§ RECORDS TO PROCESS:
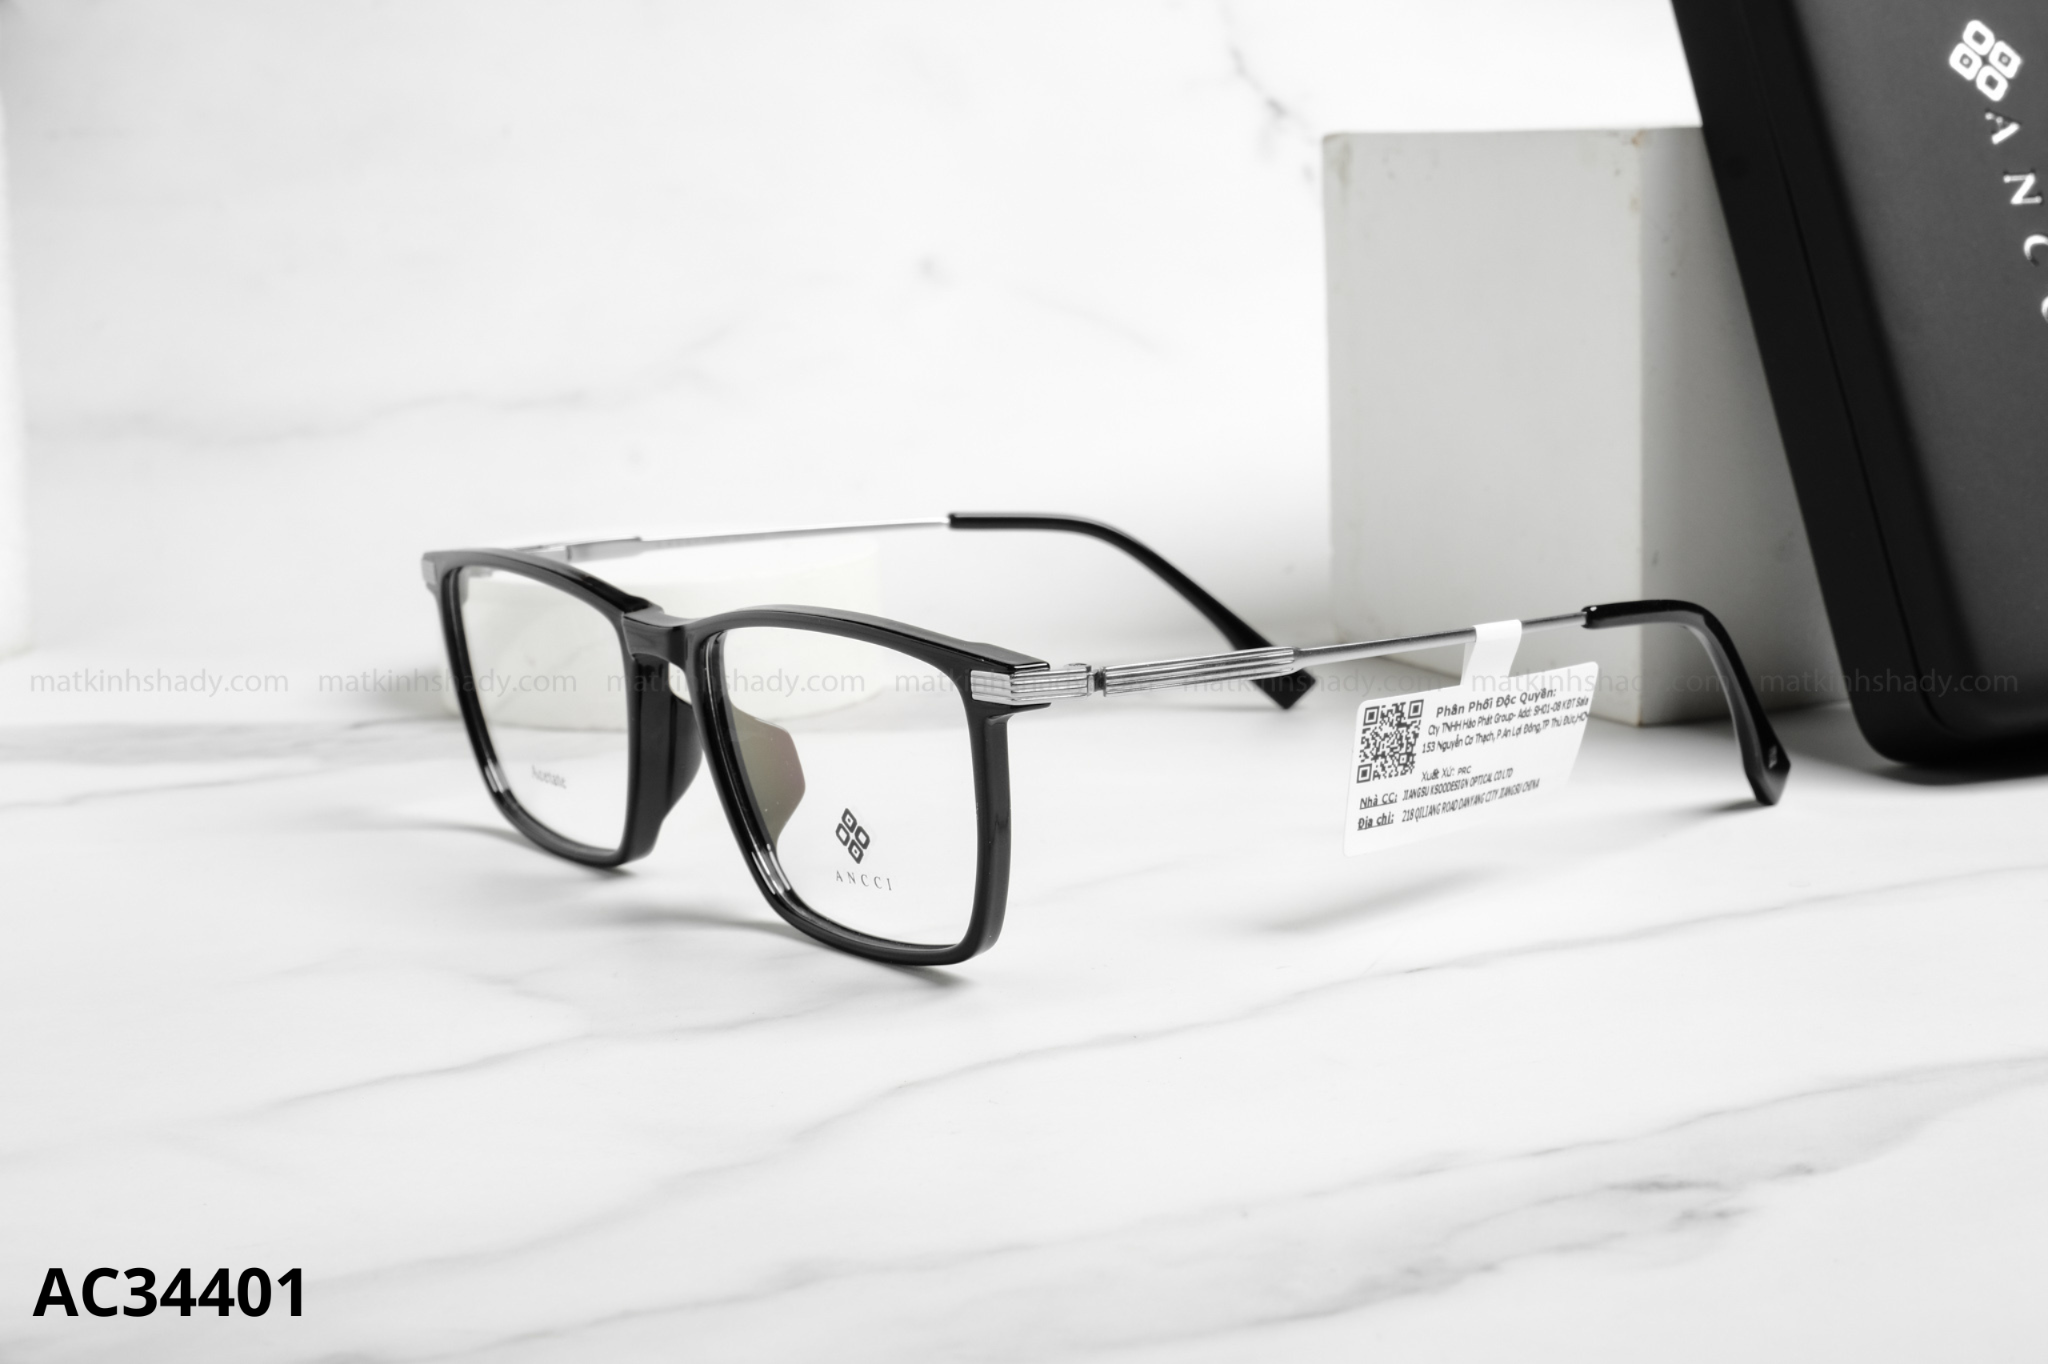  ANCCI Eyewear - Glasses - AC34401 
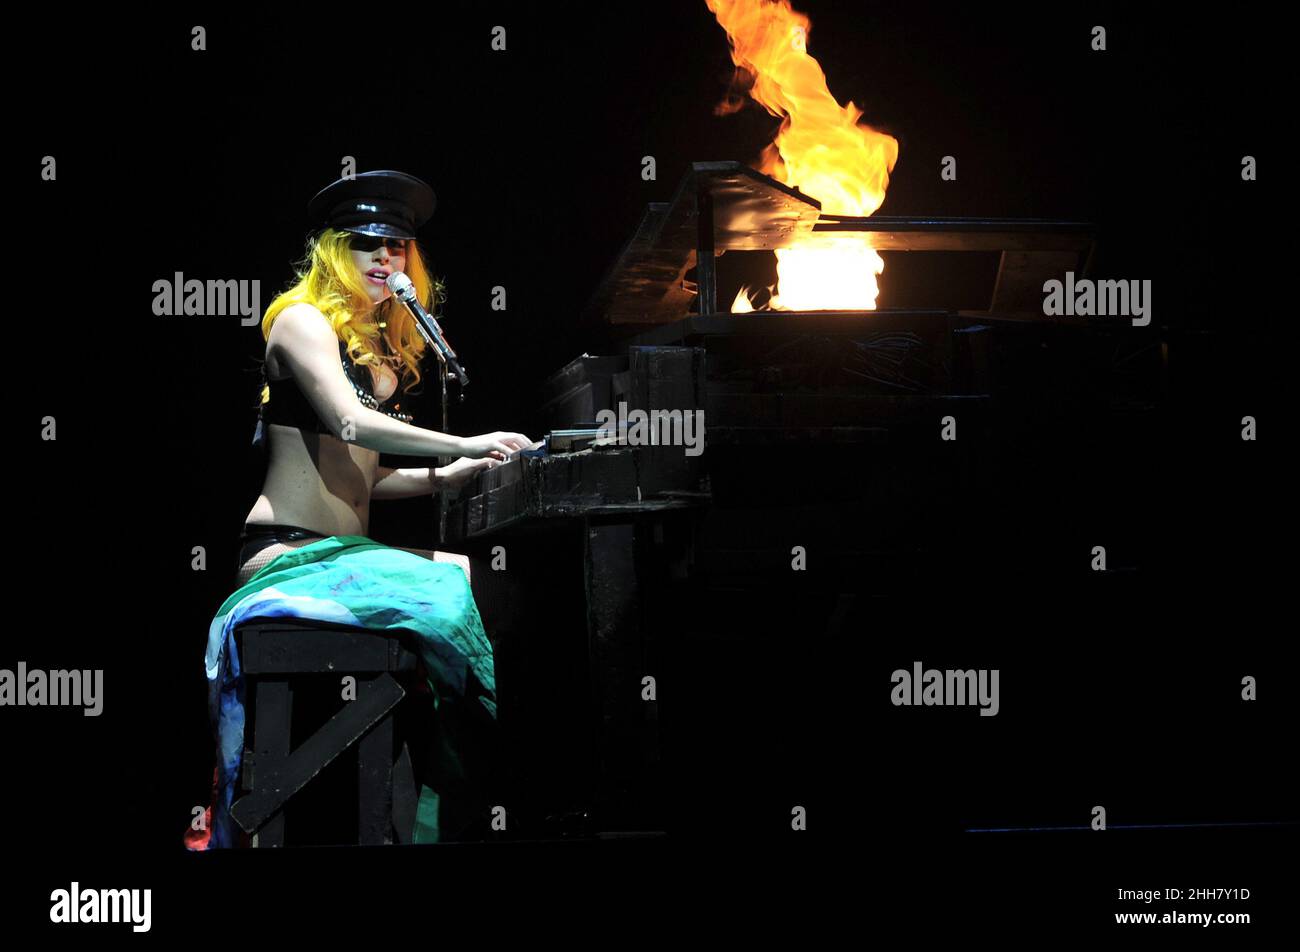 Turin Italien 2010-11-09 : Live-Konzert der amerikanischen Singer-Songwriterin Lady Gaga im Palaolimpico, der Monster Ball Tour Stockfoto
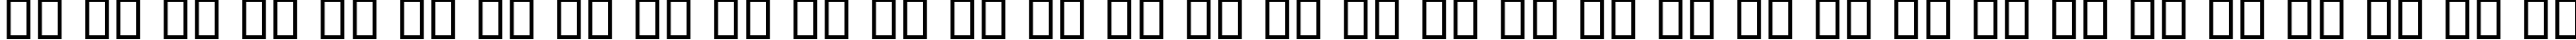 Пример написания русского алфавита шрифтом B Majid Shadow
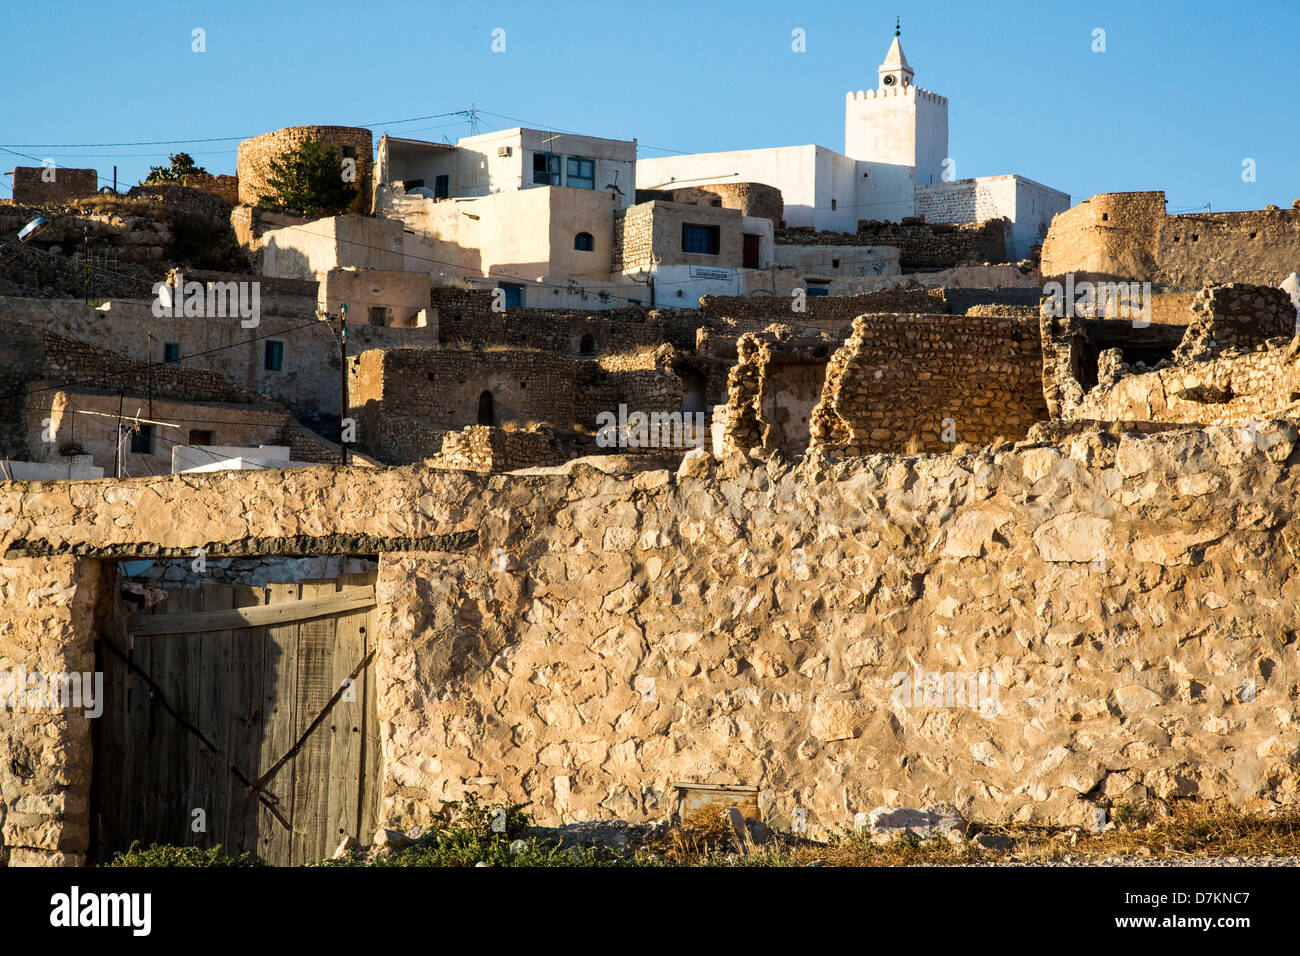 Village de Tamezret Matmata, près de la Tunisie Banque D'Images
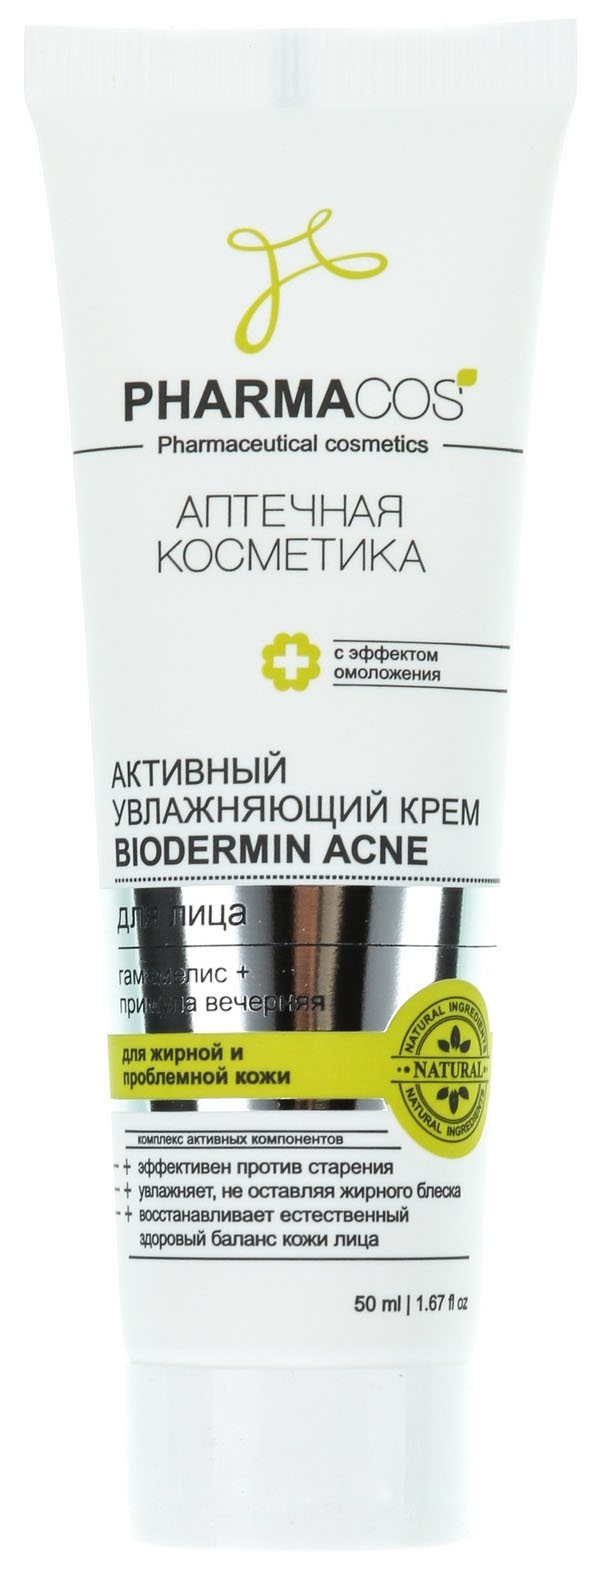 Крем для лица Витэкс Pharmacos Biodermin Acne 50 мл крем для лица витэкс pharmacos biodermin acne 50 мл

§ TO DO: Output a verbatim copy of the entries and skip the pictures.

§ TASK RESPONSE:
  ANCCI Eyewear - Glasses - AC34401 
 Turin Italien 2010-11-09 : Live-Konzert der amerikanischen Singer-Songwriterin Lady Gaga im Palaolimpico, der Monster Ball Tour Stockfoto
 Пример написания русского алфавита шрифтом B Majid Shadow
 Village de Tamezret Matmata, près de la Tunisie Banque D'Images
 Крем для лица Витэкс Pharmacos Biodermin Acne 50 мл крем для лица витэкс pharmacos biodermin acne 50 мл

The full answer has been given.